----- Data block -----
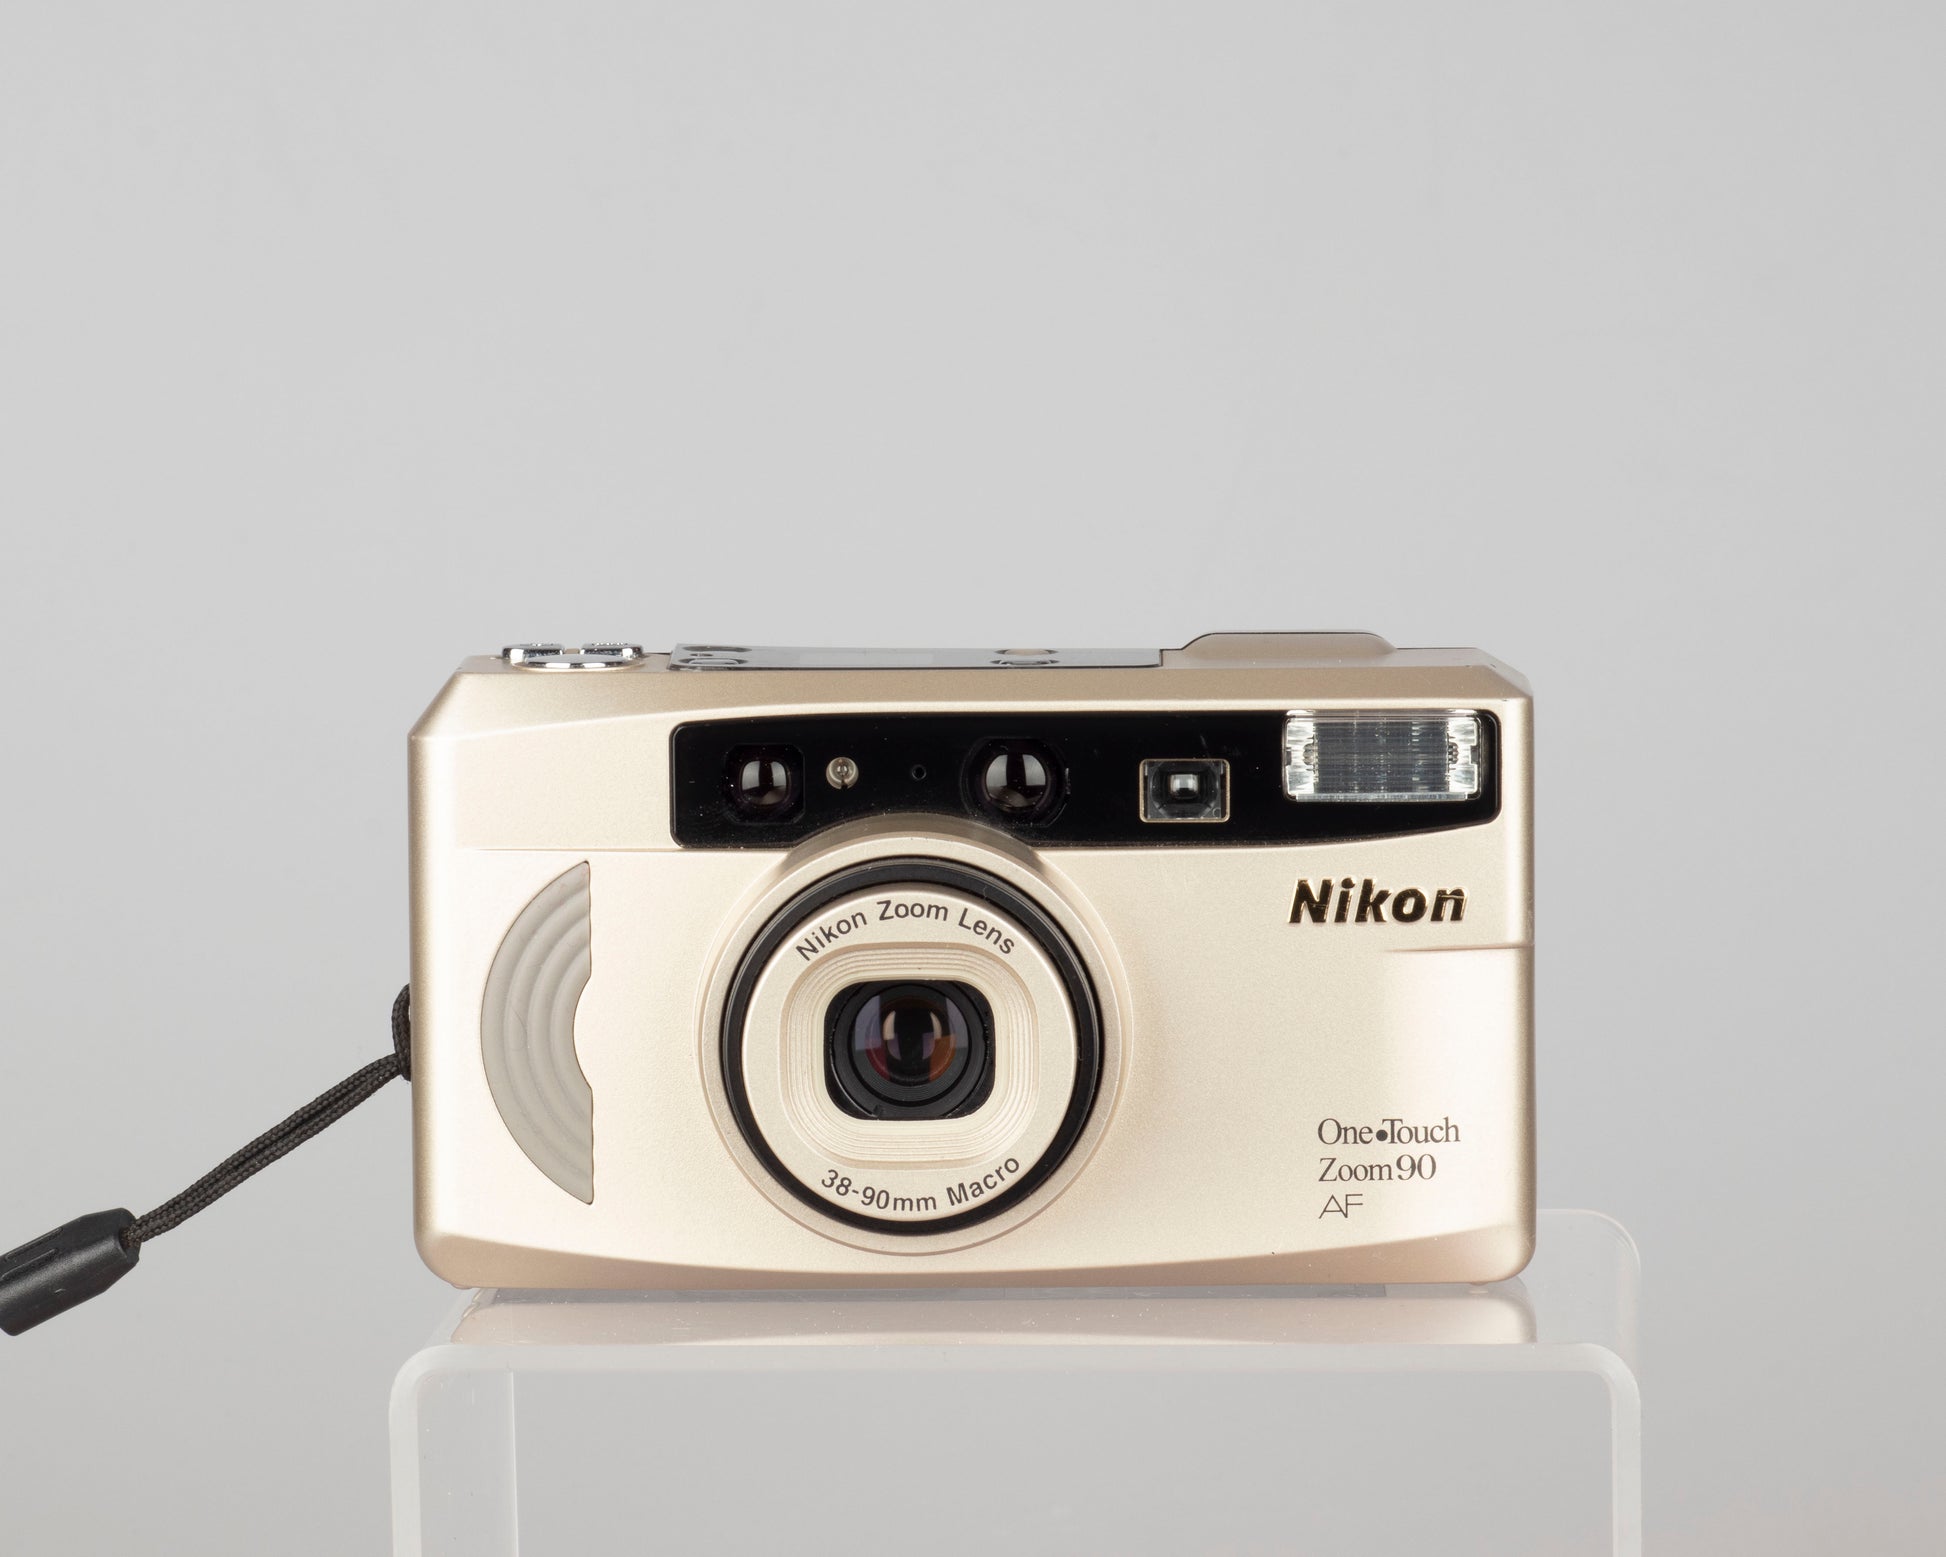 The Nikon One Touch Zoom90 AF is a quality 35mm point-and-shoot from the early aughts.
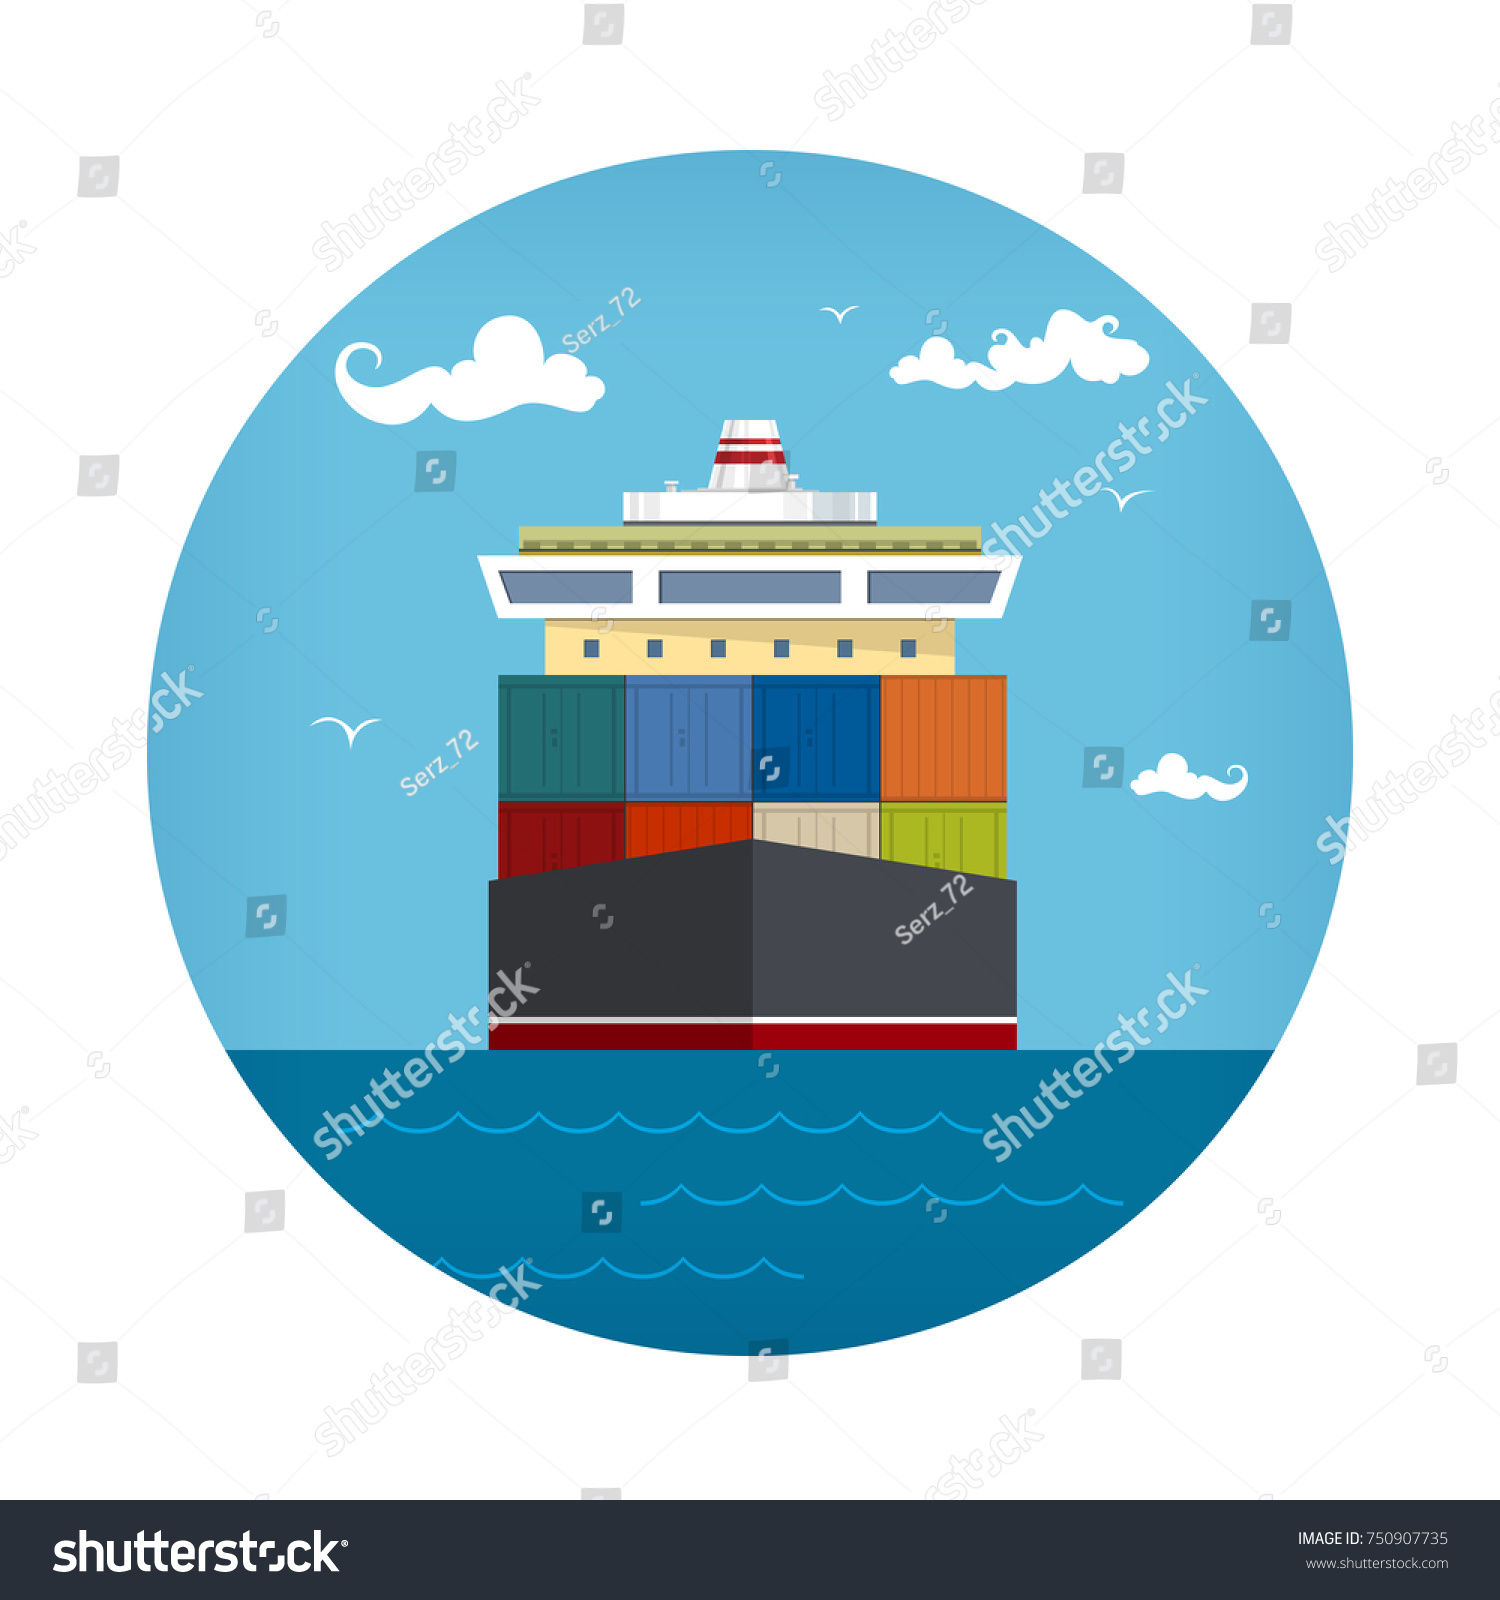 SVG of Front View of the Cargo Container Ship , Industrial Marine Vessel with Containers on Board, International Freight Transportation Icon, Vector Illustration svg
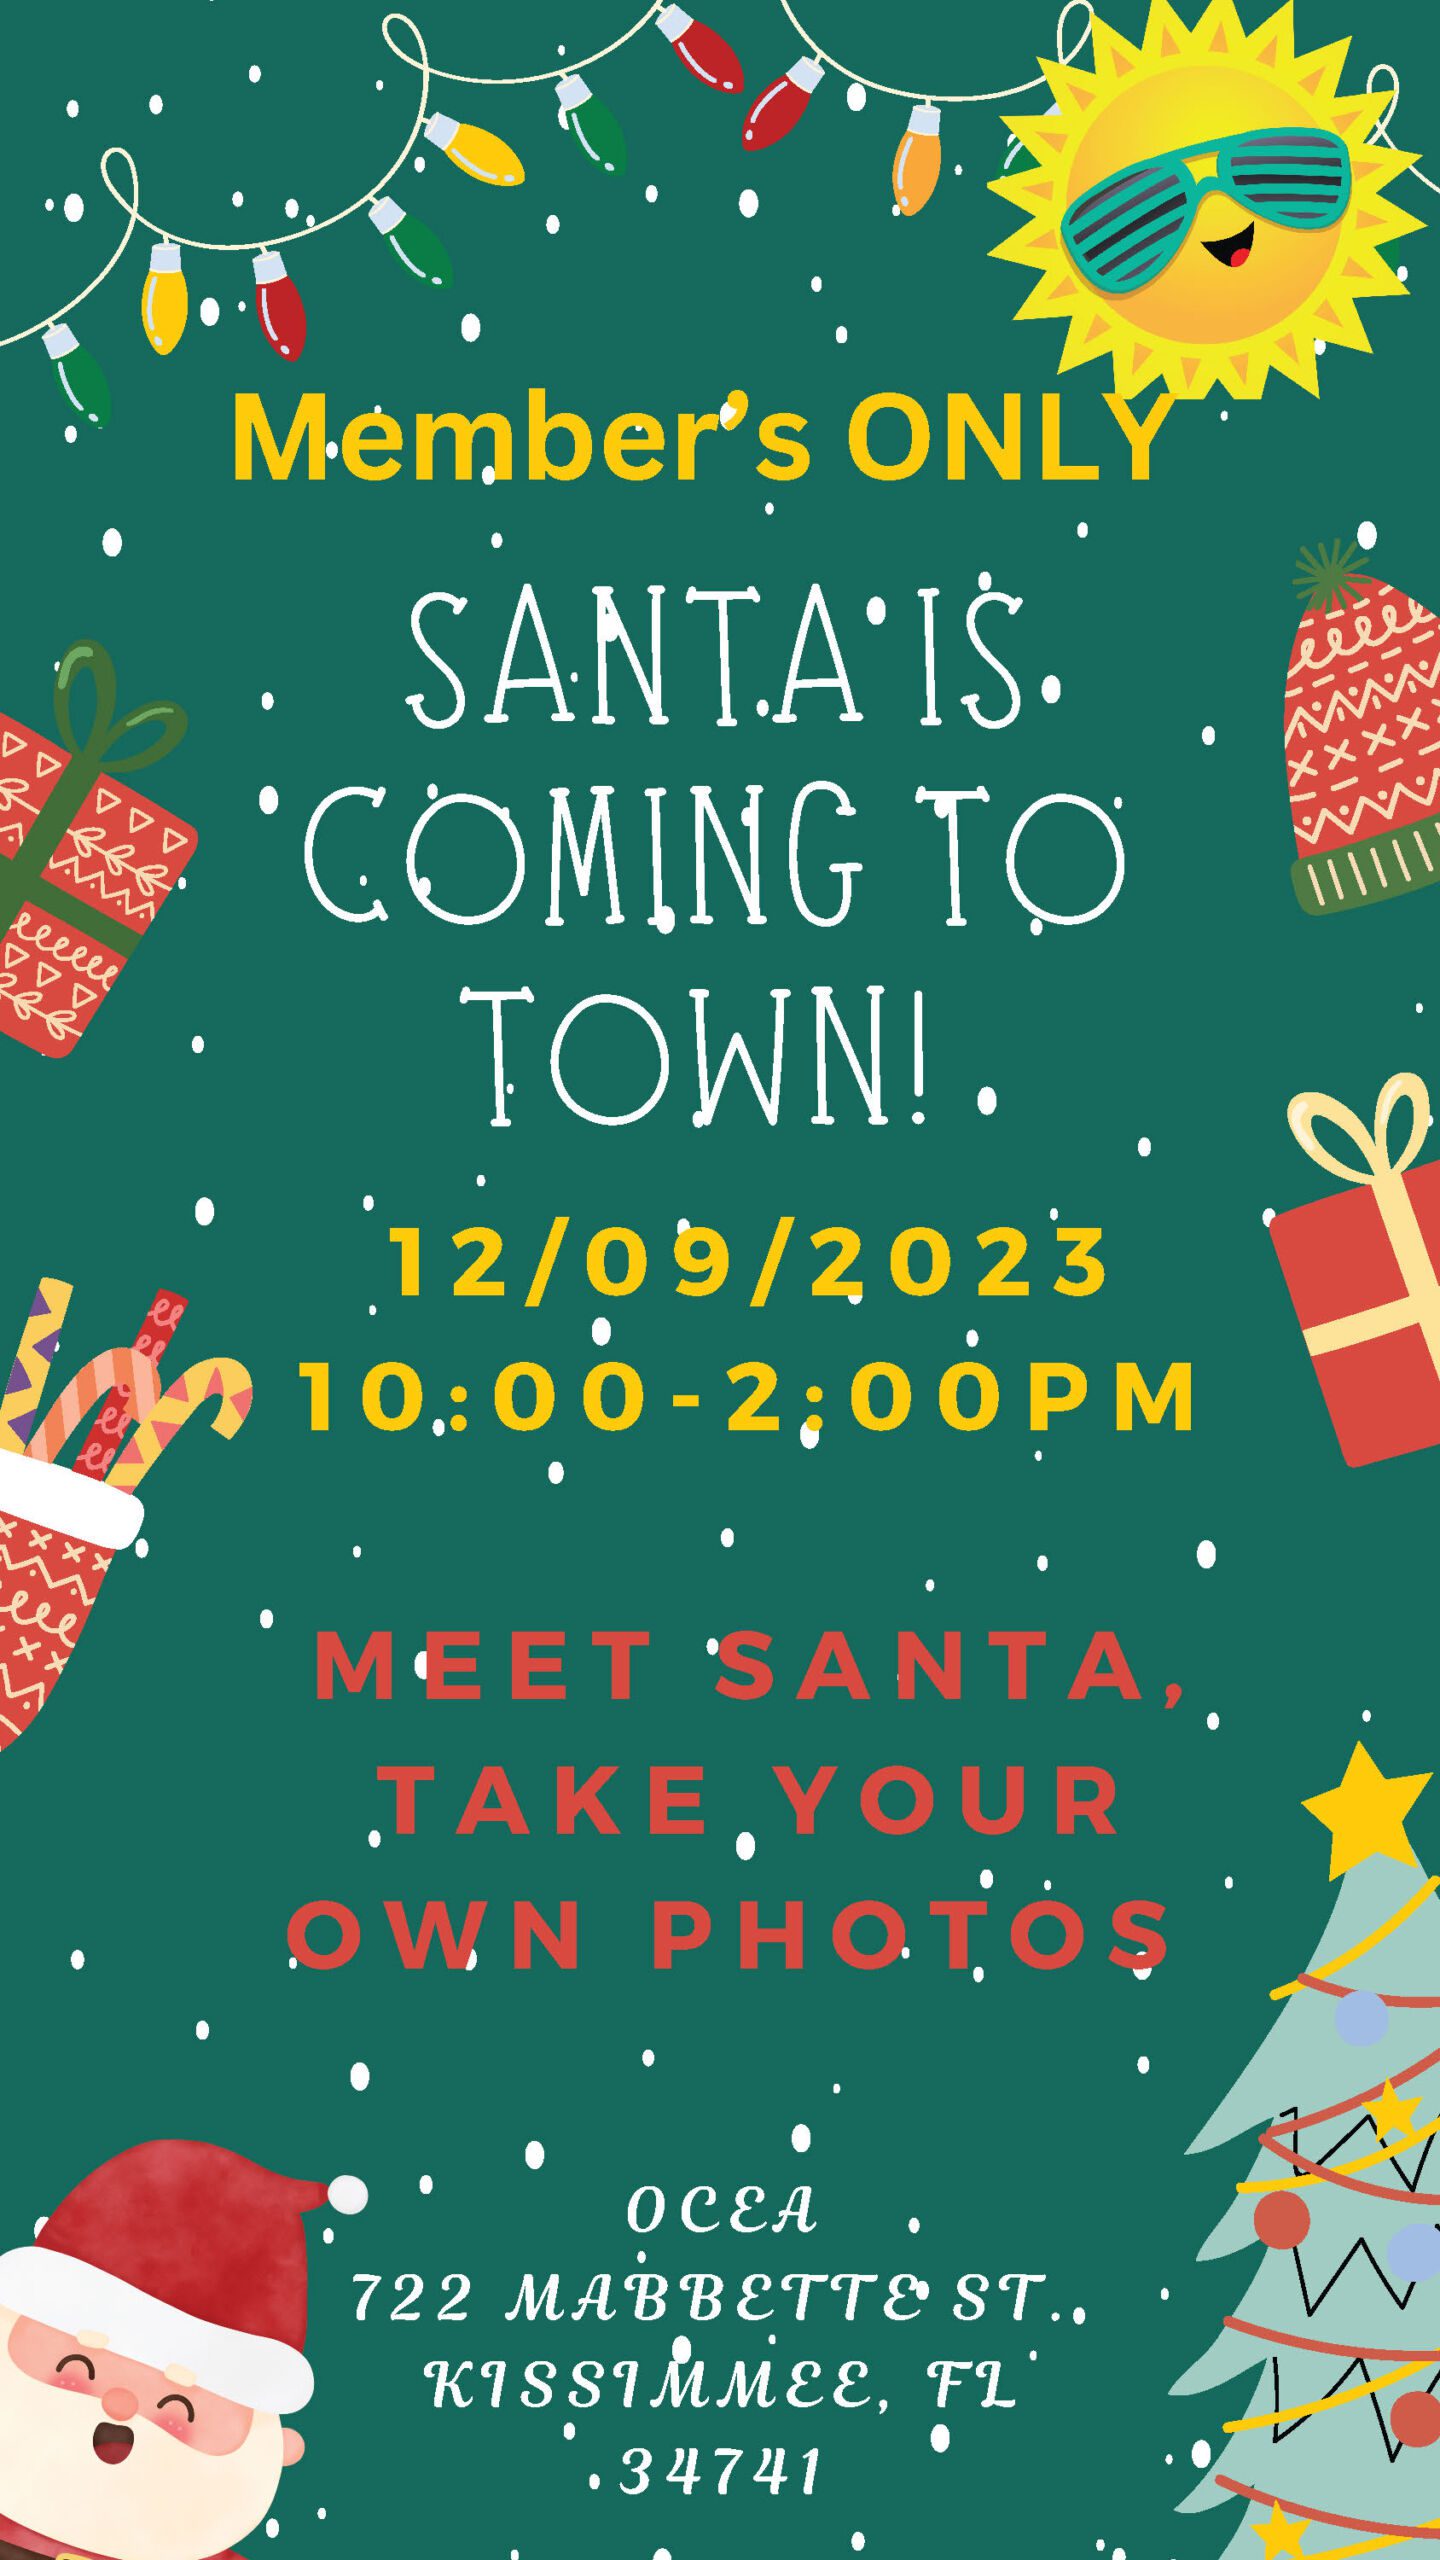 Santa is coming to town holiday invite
-----
What you will do: Copy out every line of the material above precisely, omitting the pictures.

Result of the task:
 The Nikon One Touch Zoom90 AF is a quality 35mm point-and-shoot from the early aughts.
 SVG of Front View of the Cargo Container Ship , Industrial Marine Vessel with Containers on Board, International Freight Transportation Icon, Vector Illustration svg
 Santa is coming to town holiday invite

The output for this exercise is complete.